**Dataset content**
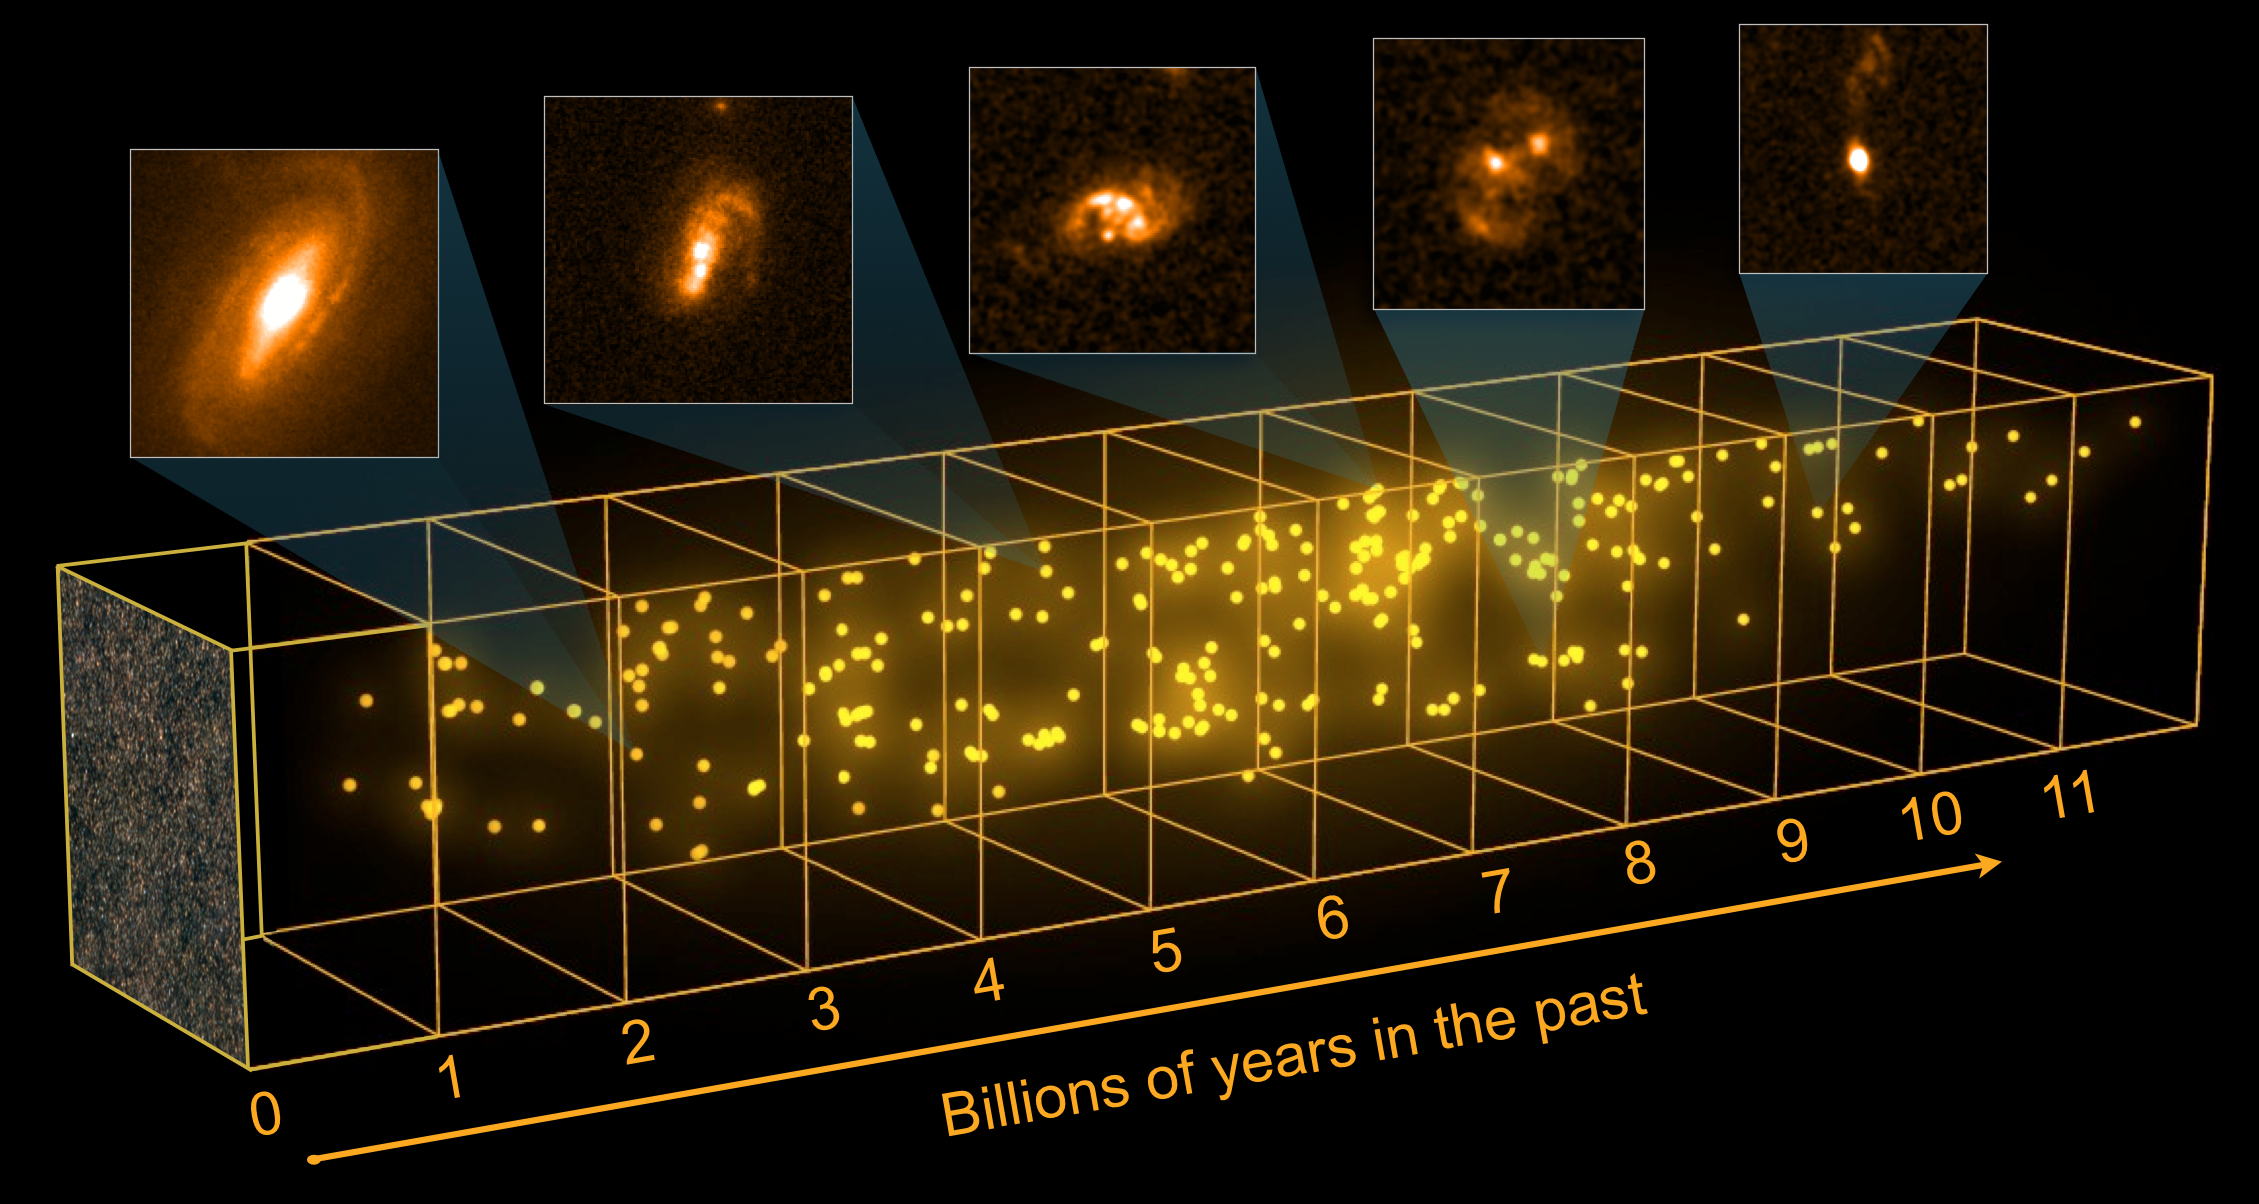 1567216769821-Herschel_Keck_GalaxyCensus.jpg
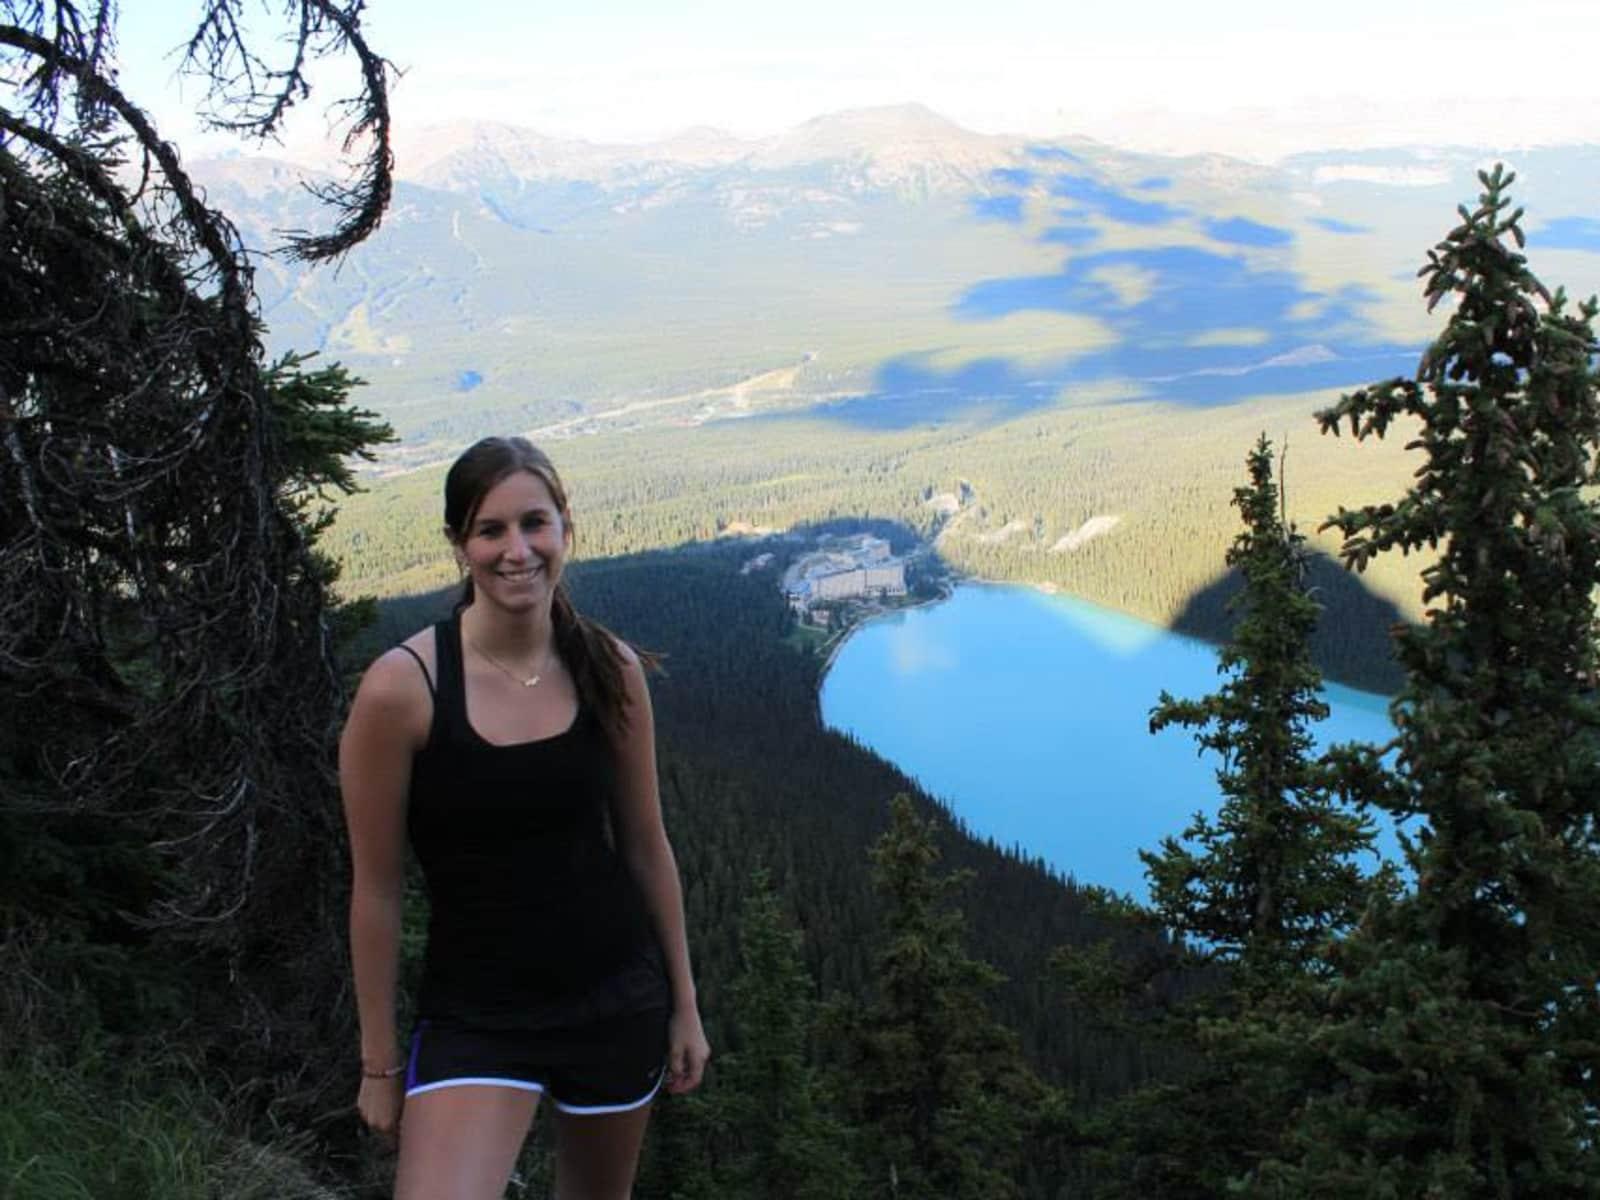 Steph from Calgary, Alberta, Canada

---

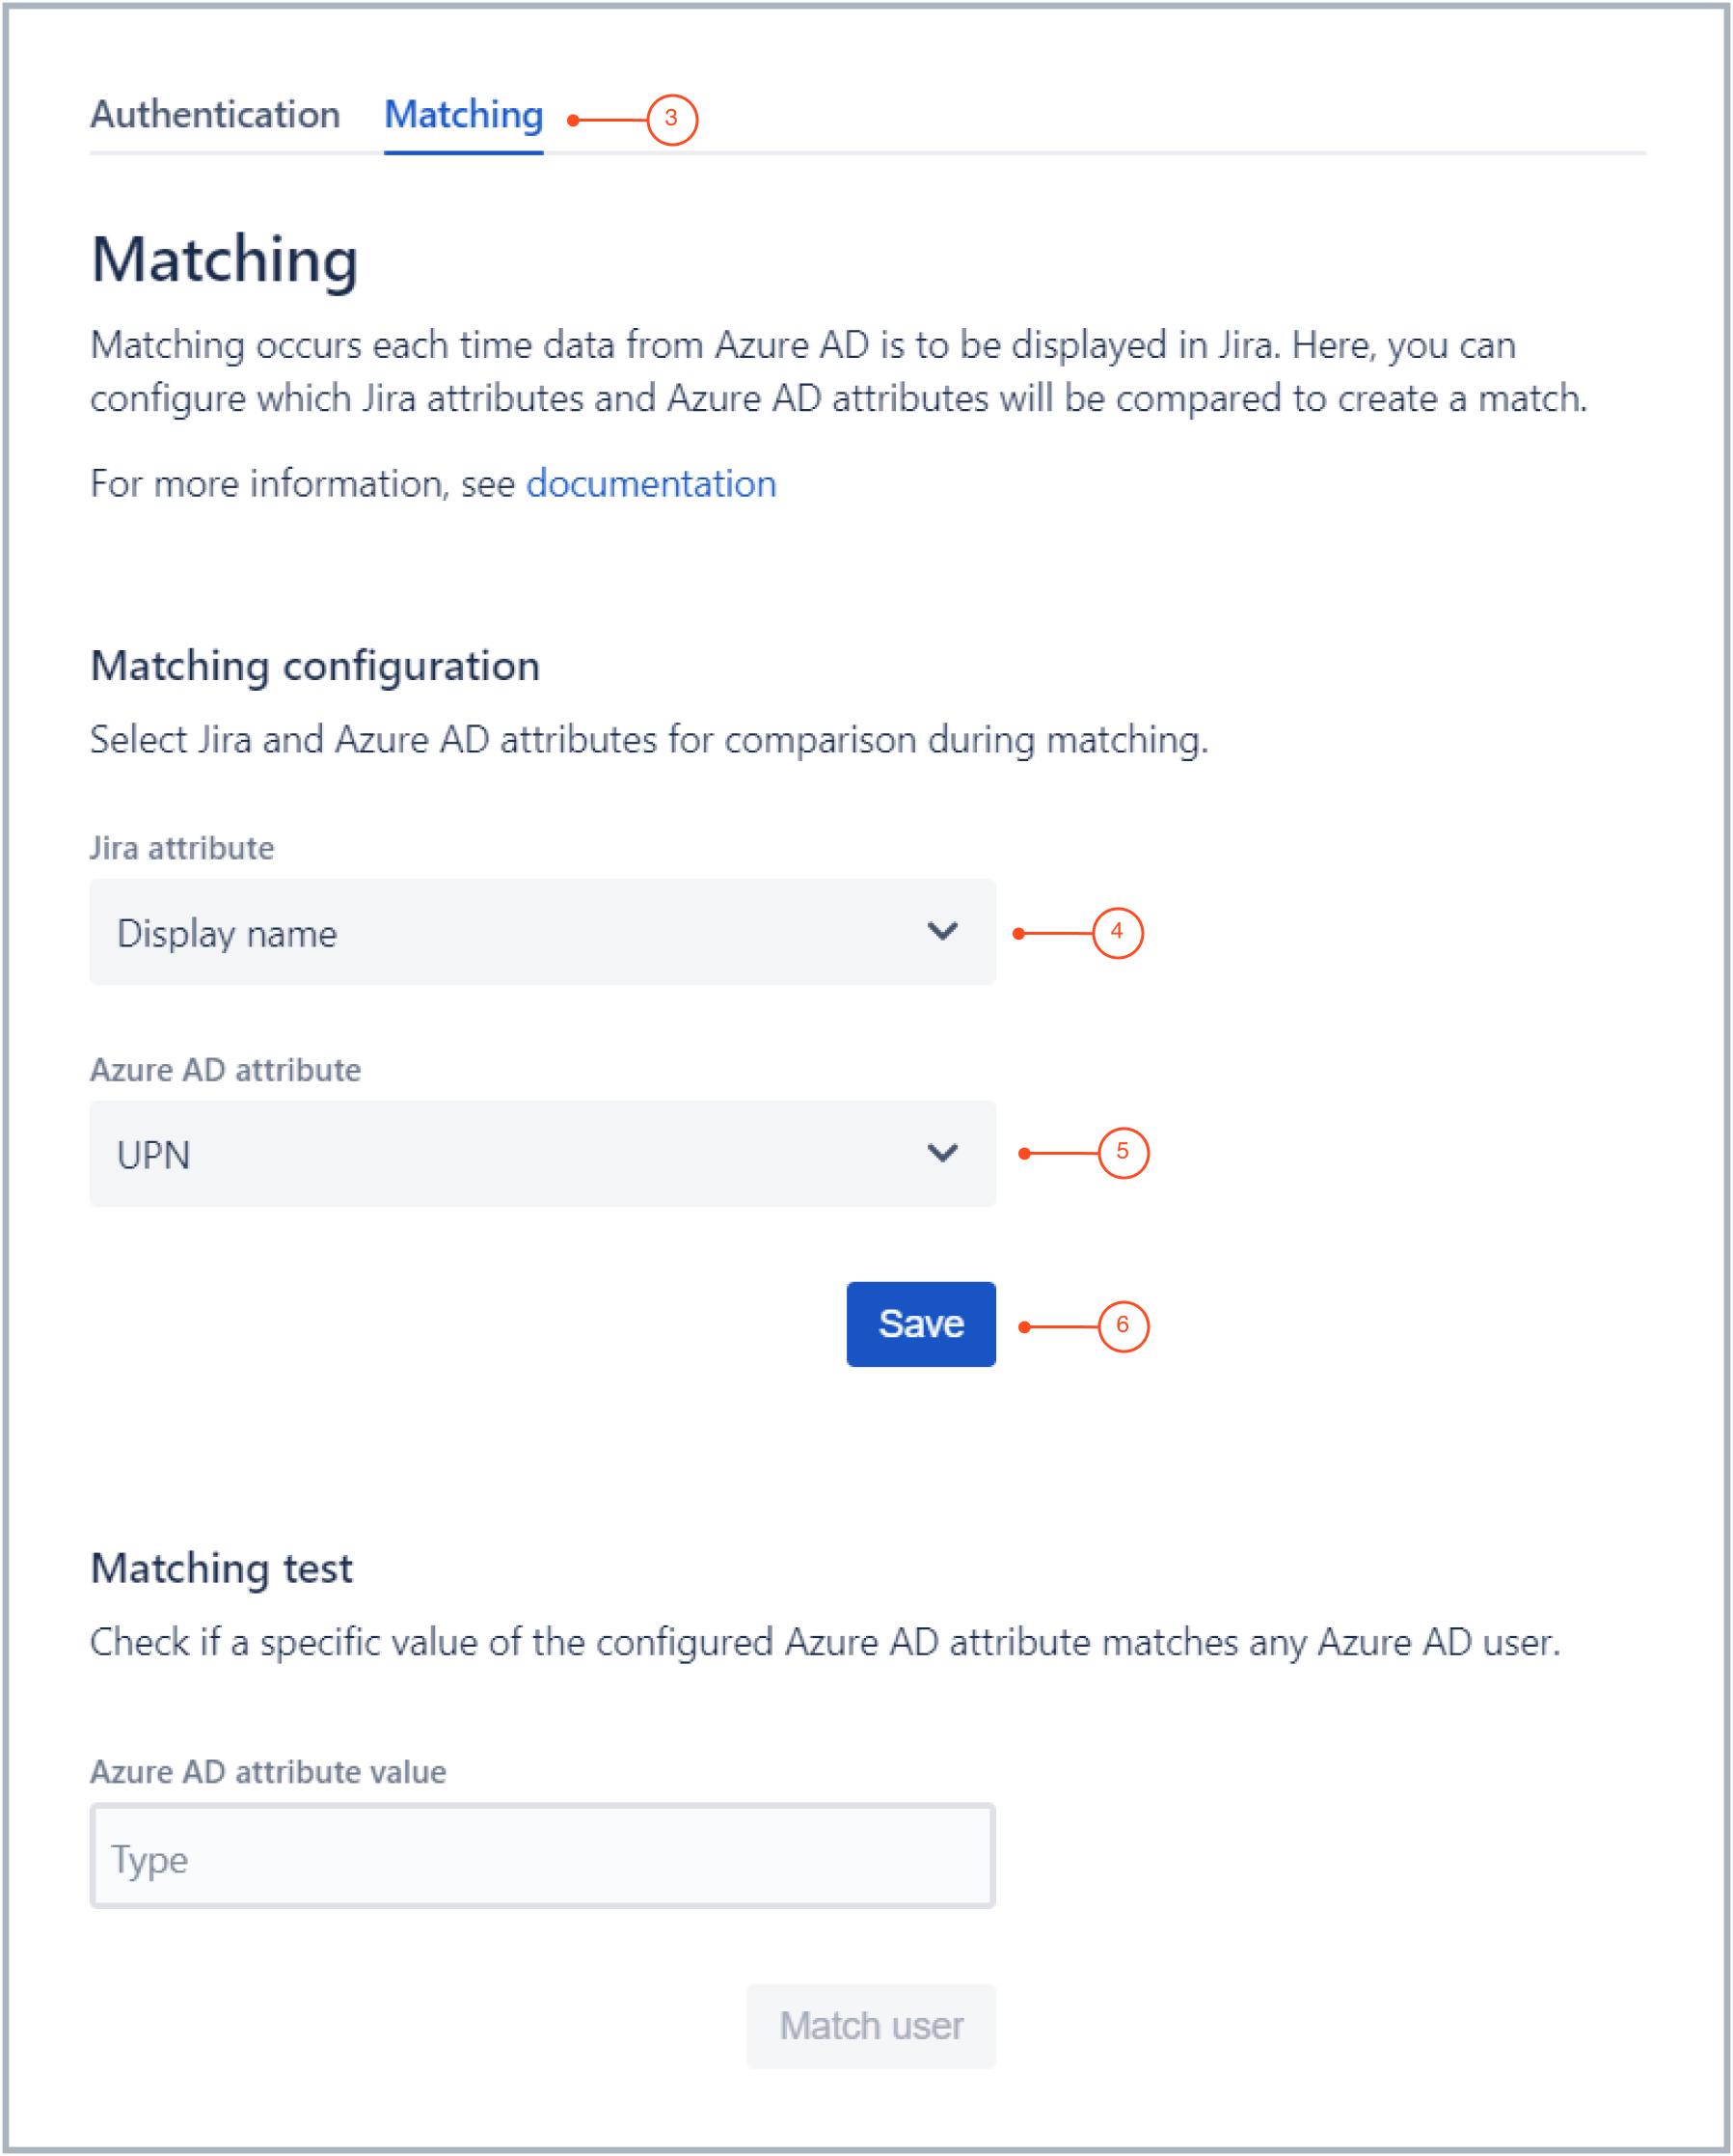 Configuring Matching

---

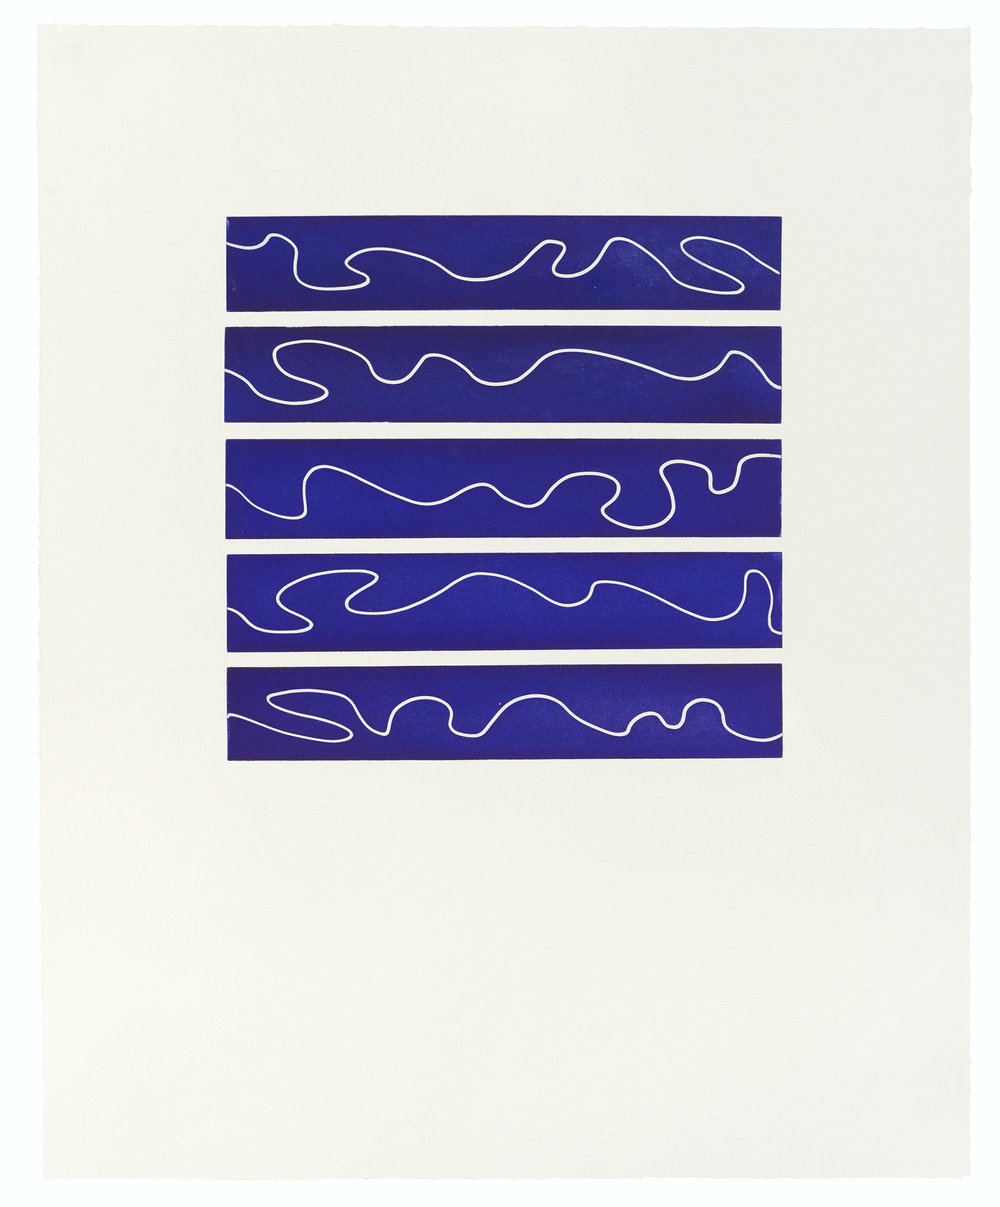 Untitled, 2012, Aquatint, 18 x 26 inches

**What is being asked**
From the entries above, copy exactly the lines starting at the one with "1567216769821-Herschel_Keck_GalaxyCensus.jpg" and stopping at the one with "Steph from Calgary, Alberta, Canada", keeping both ends. Drop the pictures.

**Reply to the task**
 1567216769821-Herschel_Keck_GalaxyCensus.jpg
 Steph from Calgary, Alberta, Canada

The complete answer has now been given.